Workflows: A series of hard-coded, deterministic steps. Logic and operations are explicitly defined in code and followed by the agent, but the agent’s intelligence is not actively applied—steps are executed, not reasoned about.

Agents: Intelligent agents with access to a broad set of tools—web search, image analysis, API calls—and the ability to plan and reason. Agents make decisions, execute actions, and produce structured outputs defined in code.

Harnesses: A full computer environment with controlled access to tools (LLM, command line, storage, and networking). Harnesses actually have fewer tools at their disposal compared to agents. Instead, a harness can solve tasks by writing custom code, storing intermediate results, and deciding the output format at runtime.

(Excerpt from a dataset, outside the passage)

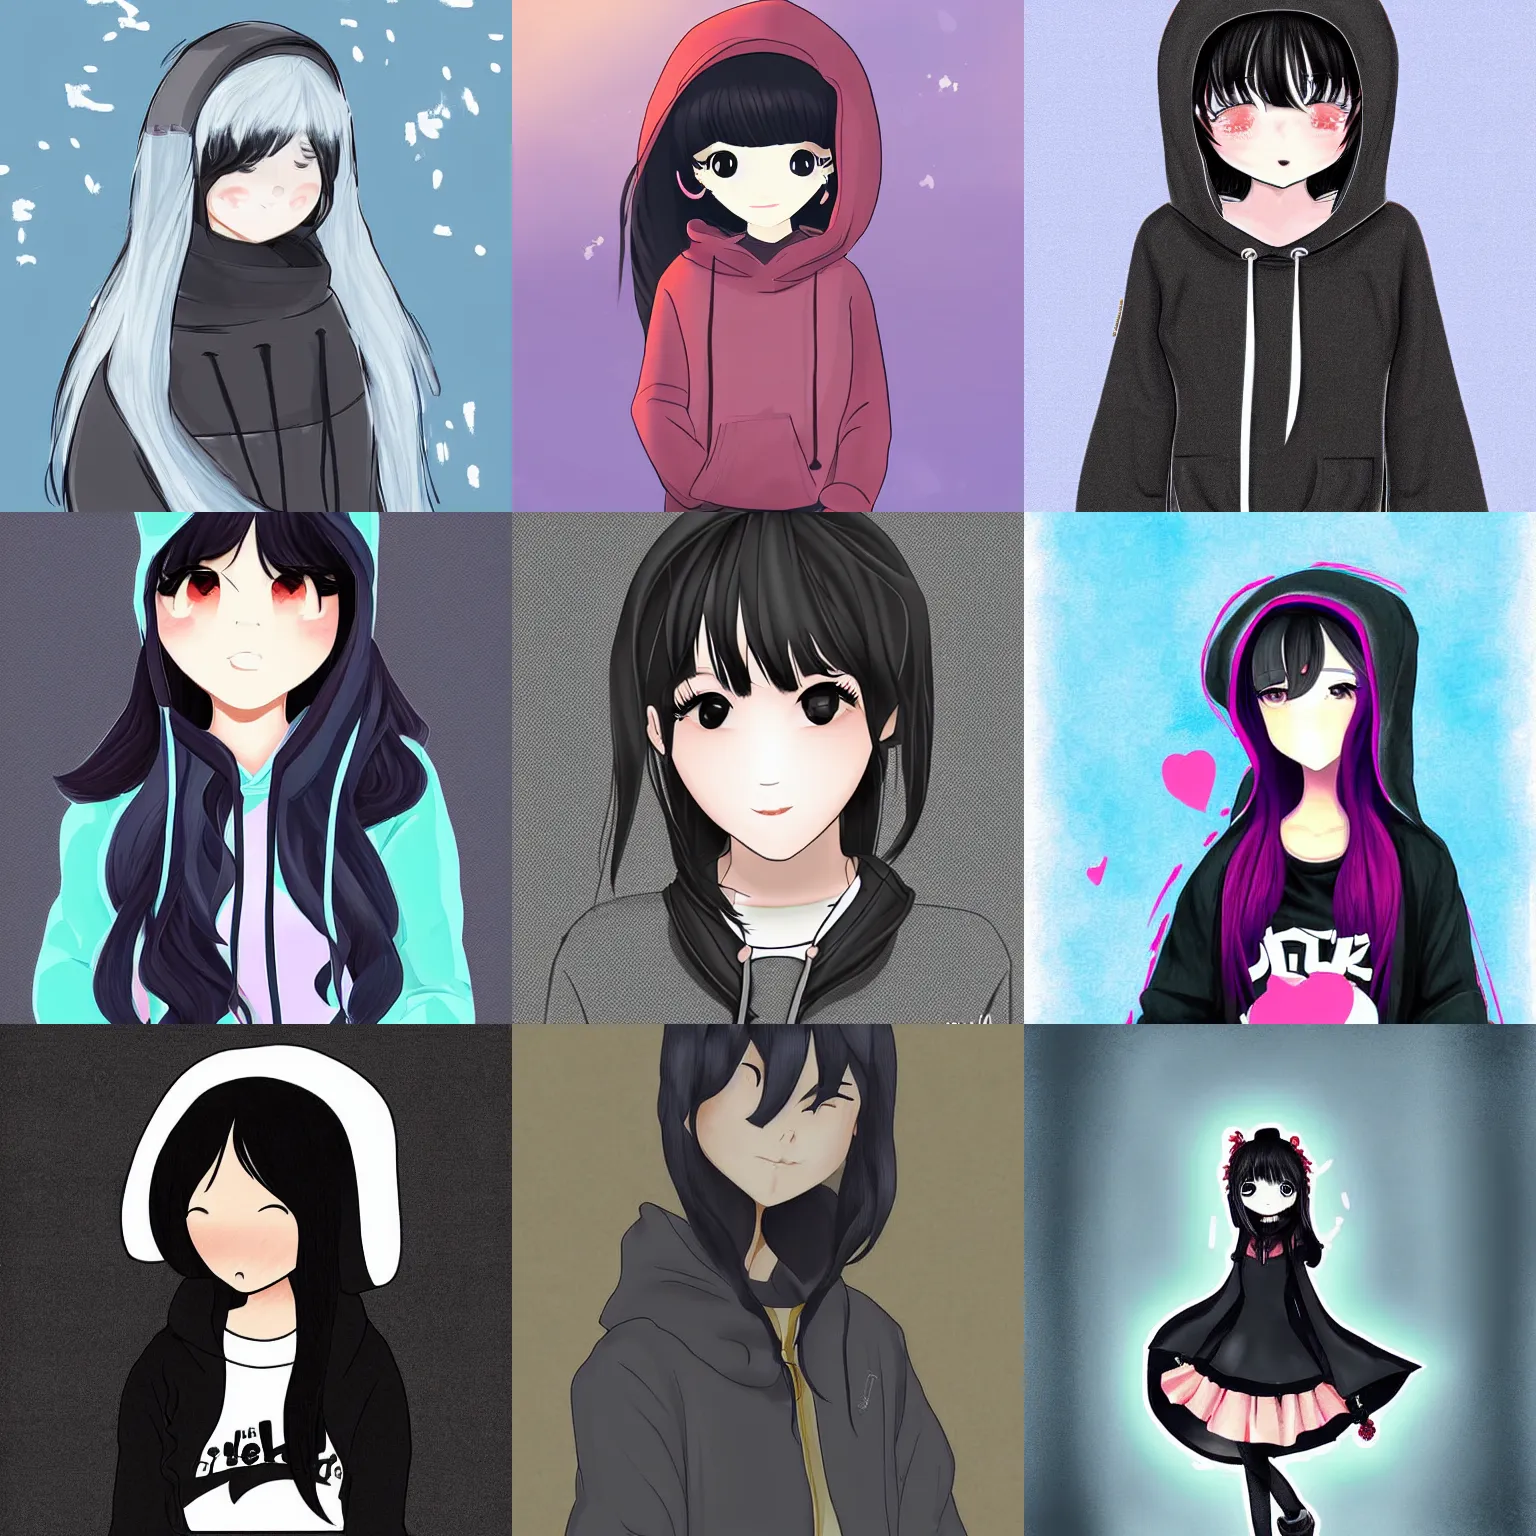 Prompt: digital art of black haired cute girl wearing hoodie drawn by mika pikazo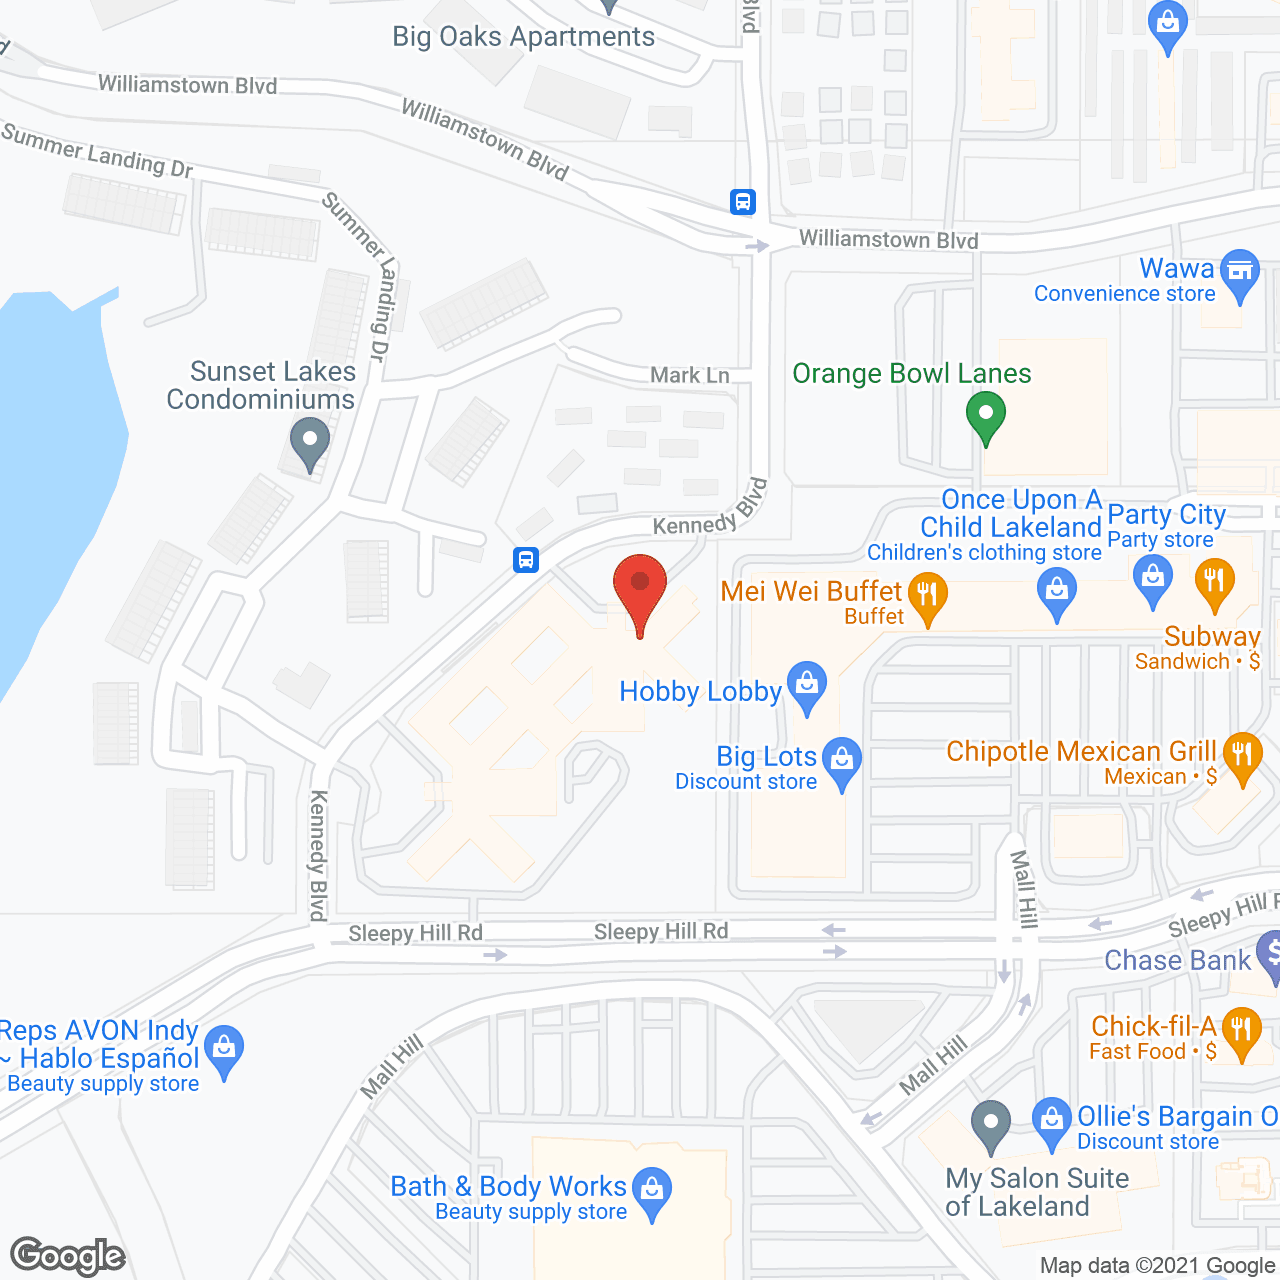 Lakeland Health Care Ctr in google map

Our system leverages the strengths of both agents and harnesses, investing in domain knowledge, tools, and flexible task execution for novel use cases.

What's next

We are continuing to push this architecture in three directions: better entity resolution, stronger country-specific evidence policies, and faster evaluation loops.

Deep research agents are powerful, but the broad version of the pattern only scratches the surface. For production location intelligence, the hard part is not browsing more pages. It is knowing which evidence is allowed to answer which question, accessing the right sources with location-speficic tools, and returning a structured result customers can trust.